Pour montrer les défauts du télétravail dans une perspective d’innovation au sein de l’entreprise, je vais procéder comme suit. Je vais d’abord montrer que l’innovation est un processus collectif. Pour la favoriser il faut à la fois concentrer les individus et favoriser leurs interactions. Dans un second temps je montrerai que pour s’épanouir, l’innovation a besoin d’un environnement positif et j’établirai que le télétravail a des effets qui sont opposés à la poursuite de cet objectif.

Afin de m’éviter les critiques des défenseurs du travail à distance, je précise d’emblée que cette démonstration ne vaut que pour le télétravail à 100%, c’est-à-dire un mode de travail entièrement nomade.


La concentration d’individus est essentielle pour la créativité est l’innovation

Dans ses travaux, Geoffrey West démontre que les villes sont comme des organismes vivants. Elles obéissent aux mêmes règles biologiques et dégagent des économies d’échelle pour tout, sauf la créativité. La créativité « accélère » avec la taille des villes. Pour reprendre les mots du neuropsychiatre Boris Cyrulnik: « Nos cerveaux sont fondamentalement bâtis pour être reliés à d’autres cerveaux. »
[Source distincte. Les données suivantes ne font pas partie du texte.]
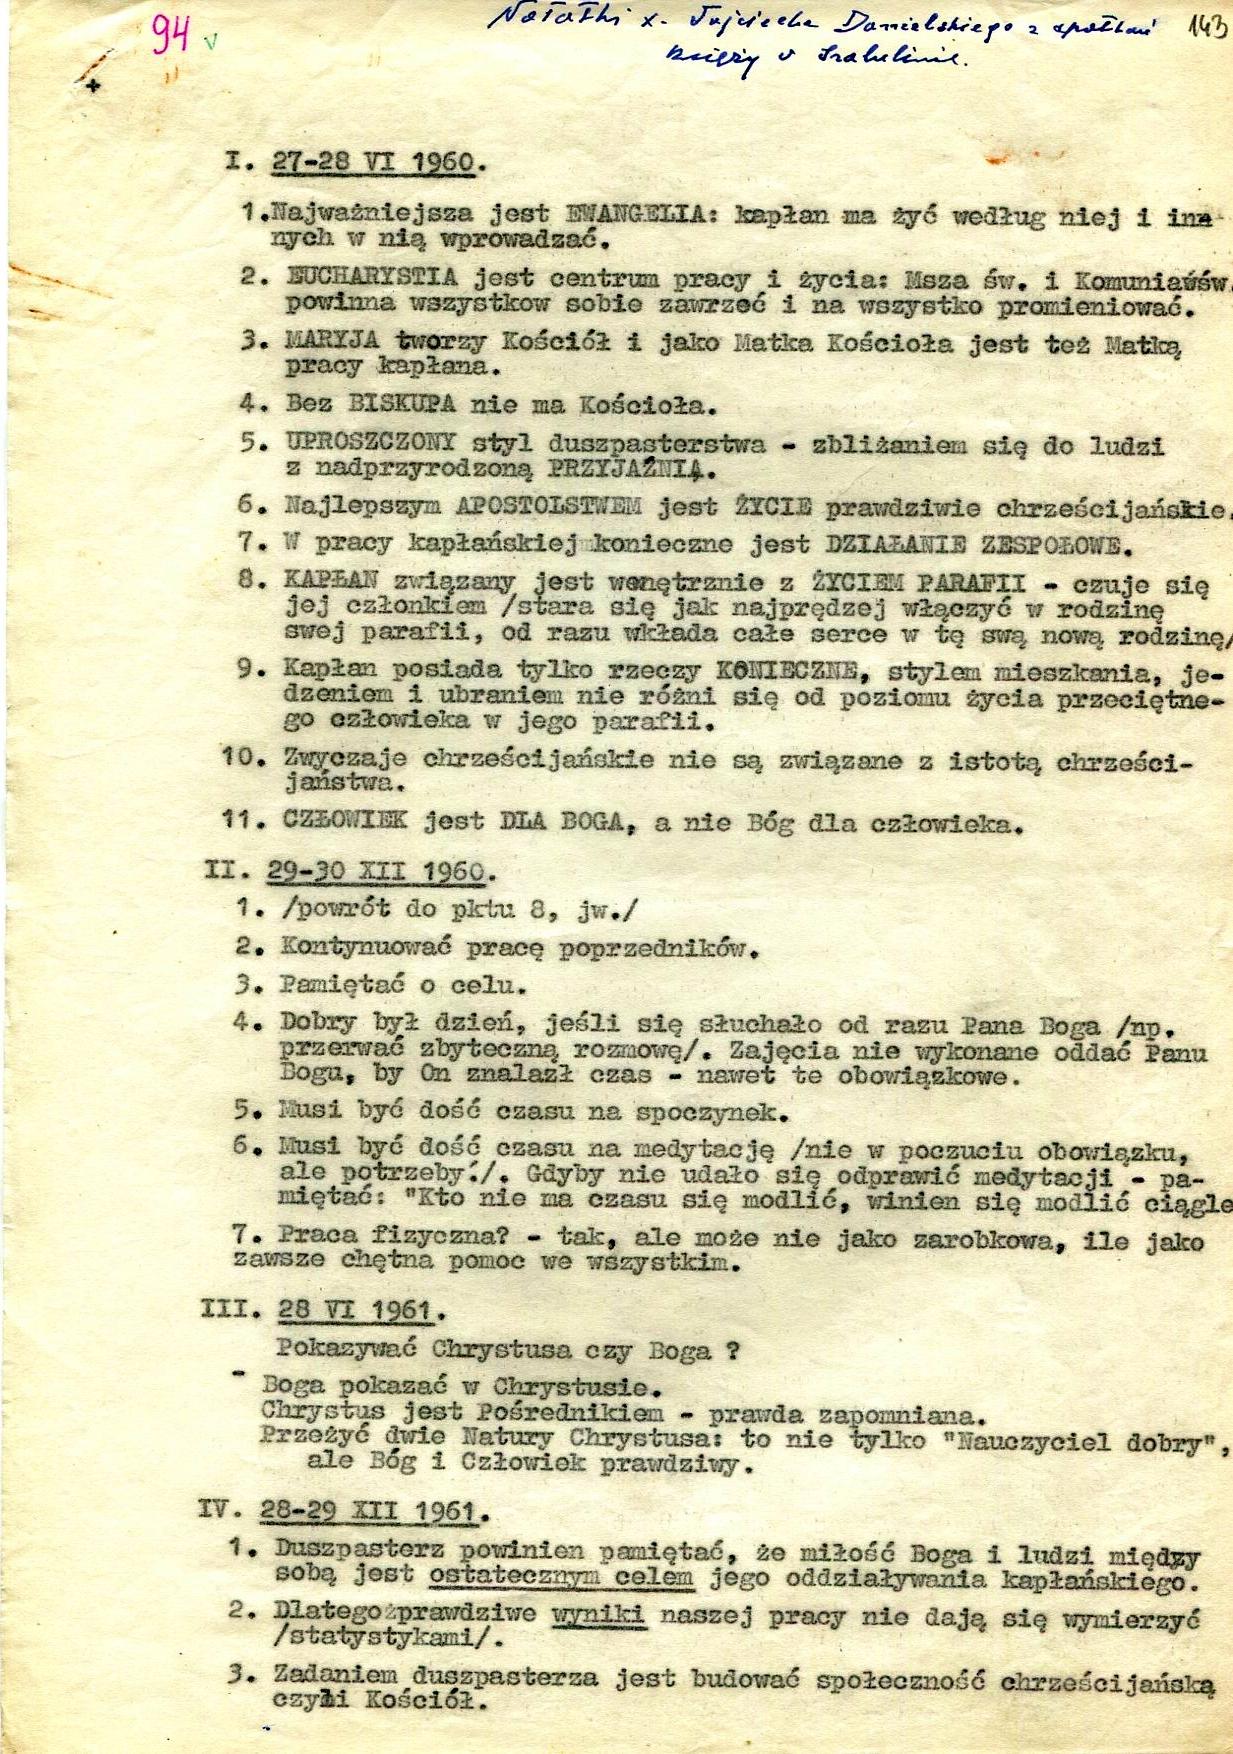 Ks. Wojciech Danielski - Notaki ze spotkań księży w Izabelinie, 1960-1964

Nos cerveaux sont fondamentalement bâtis pour être reliés à d’autres cerveaux.

Boris Cyrulnik


Avant lui, dans les années 1990, le Japonais Nonaka a développé le modèle SECI ( (Socialization, Externalization, Combination, Internalization) pour expliquer la création et la diffusion du savoir. Il montre que les nouvelles connaissances ne sont pas seulement issues de la pensée d’un seul individu (le mythe du visionnaire isolé). La communication au sein de l’entreprise est en fait cruciale pour innover. Comme l’écrivent Tsuji et al. (2019), « les cadres doivent comprendre l’avantage d’une communication en face-à-face, car elle concerne non seulement les individus mais aussi la capacité et la productivité de l’ensemble de l’organisation. » (« executives have to understand the benefit of face-to-face communication because it affects not only individuals but also the capability and productivity of the entire organization »).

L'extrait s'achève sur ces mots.